Tesla Shareholders voted Thursday to ratify CEO Elon Musk's massive 2018 pay plan, five months after a Delaware judge ordered the company to scrap the package, after finding the board had improperly awarded it.
At Tesla's annual meeting in Austin, Texas, a vote in favor of the compensation plan does not override the court's ruling, but it provides a public relations victory for Musk and could help in his efforts to influence the court to give him performance options in the future. the future.
“I just want to start by saying ‘d—!’” Musk said after taking the stage after the preliminary results were announced. I love you guys.”
Watch Elon Musk speak at Tesla's shareholder meeting now
In a filing with the Securities and Exchange Commission (SEC) late Thursday, Tesla said that 77% of those who voted were in favor of giving Musk the compensation package.

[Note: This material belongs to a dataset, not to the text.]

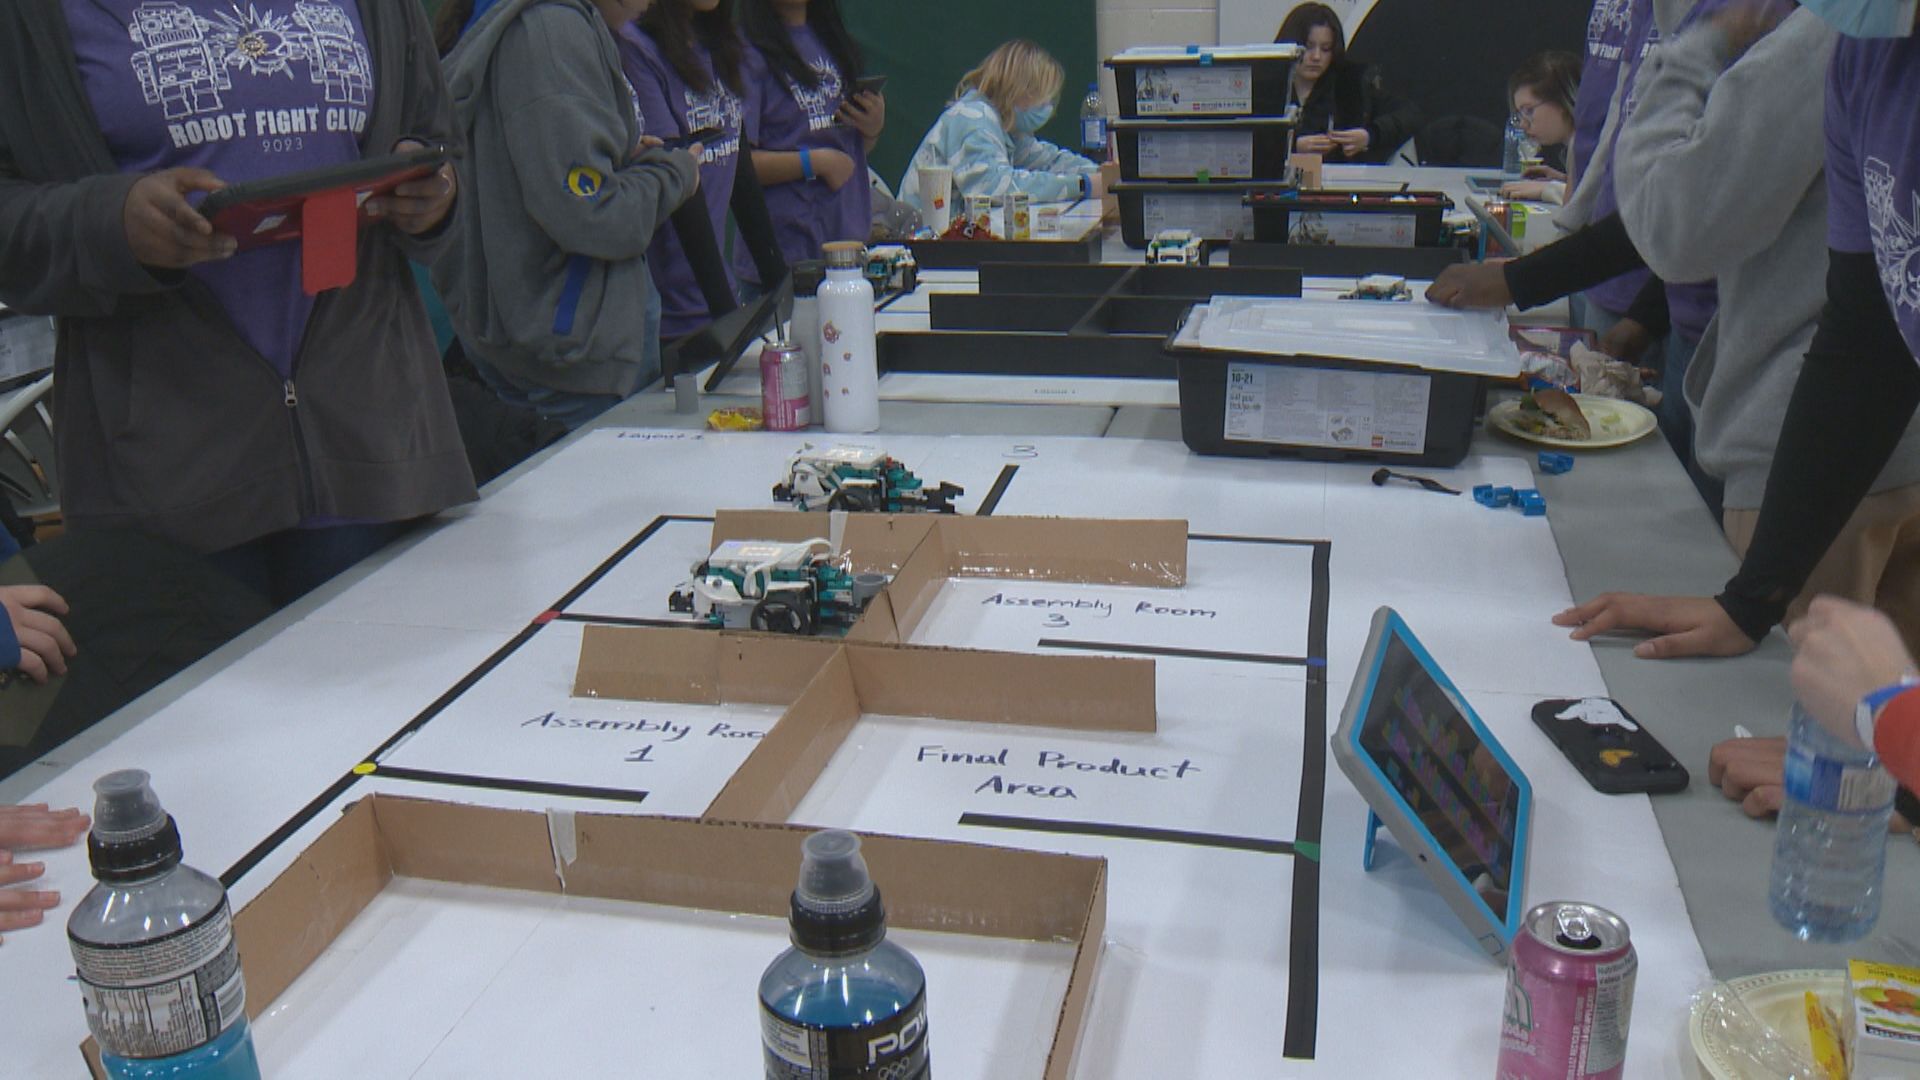 25th annual Manitoba robot games returns in Winnipeg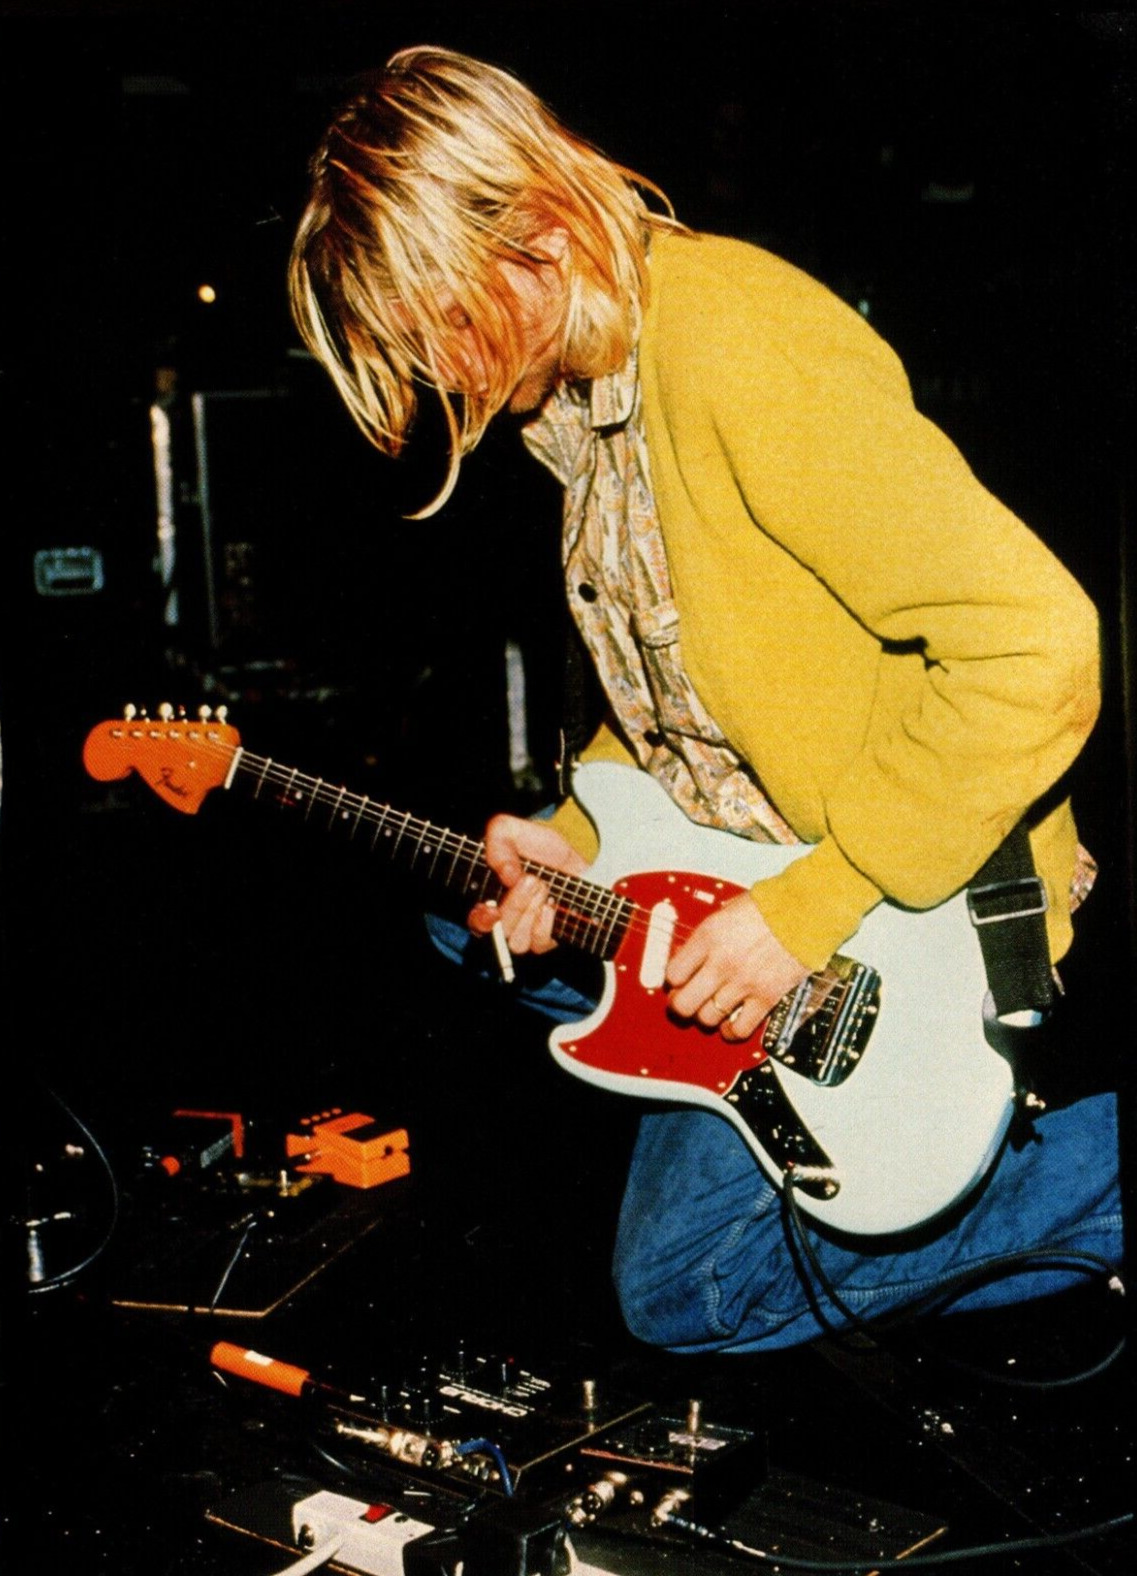 vtg 90s KURT COBAIN MAGAZINE PINUP PAGE Nirvana Concert Effect Pedals Print Ad

The compensation package was previously worth up to $56 billion in Tesla shares. In January, a Delaware court called the pay “unfathomable.” Judge Kathleen McCormick found that Tesla's board members lacked independence from Musk, failed to properly negotiate with the CEO and did not give shareholders the full picture before asking them to vote on his pay plan.
Tesla shares rose 2.9% in regular trading Thursday to close at $182.47 after Musk posted on X that the proposal was set to be approved. The stock is still down 27% this year, as Tesla expects sales declines tied to an aging lineup of electric vehicles and increased competition in China.
The annual meeting saw final votes on dozens of proxy proposals, including Musk's bid to move Tesla's incorporation site from Delaware, where most major publicly traded companies are consolidated, to Texas, home to the automaker's largest U.S. factory. Shareholders voted in favor of this move.
At the last shareholder meeting, in May 2023, Musk predicted the economy would rebound after 12 months, said Tesla would deliver production of Cybertrucks in late 2023, and told investors that Tesla would “try a little bit of advertising” and see how it goes. .
The latest inflation and jobs numbers indicate some improvement. Tesla held a Cybertruck delivery event in late 2023, and has been advertising over the past year, including on X, the social media company formerly known as Twitter that Musk acquired for $44 billion in late 2022.
However, during last year's meeting, Musk promised shareholders that he would spend less time on the app going forward, calling the work a “short-term distraction.”
He still spends a lot of time on other things. Musk is the CEO of SpaceX and brain-computer interface company Neuralink. Last year, he also created a new company called xAI, which has raised billions of dollars to develop large language models and an AI chatbot called Grok that uses data and data center capacity from X.
An energetic Musk, who described himself as “pathologically optimistic,” promised Tesla shareholders at the meeting that the company is making significant progress in developing “autonomous vehicle driving,” or systems to convert existing Tesla cars into self-driving vehicles, and believes She is capable of it. “10 times the value of the company.”
While Musk has promised this level of autonomous technology since 2016, he has yet to deliver. Meanwhile, competitors, including Pony.ai, Didi and Waymo, have developed robotaxis and are already operating commercial services.
Musk described the company's ambition to create a manned transportation network with Tesla vehicles equipped with self-driving systems, although he did not provide a timeline for development and rollout.
“There will be some cars that Tesla owns.” “But for the fleet owned by our customers, it will be like Airbnb. You can add or subtract your car to the fleet whenever you want,” he said.
Regarding the Cybertruck, which will hit the market in late 2023, Musk said deliveries are increasing. He said that the company achieved a weekly record of 1,300 shipments.
Musk promised that Tesla would move to “limited production” of Optimus in 2025 and test humanoid robots in its own factories next year. He predicted that next year, the company will have “more than 1,000, or a few thousand, Optimus robots working at Tesla.”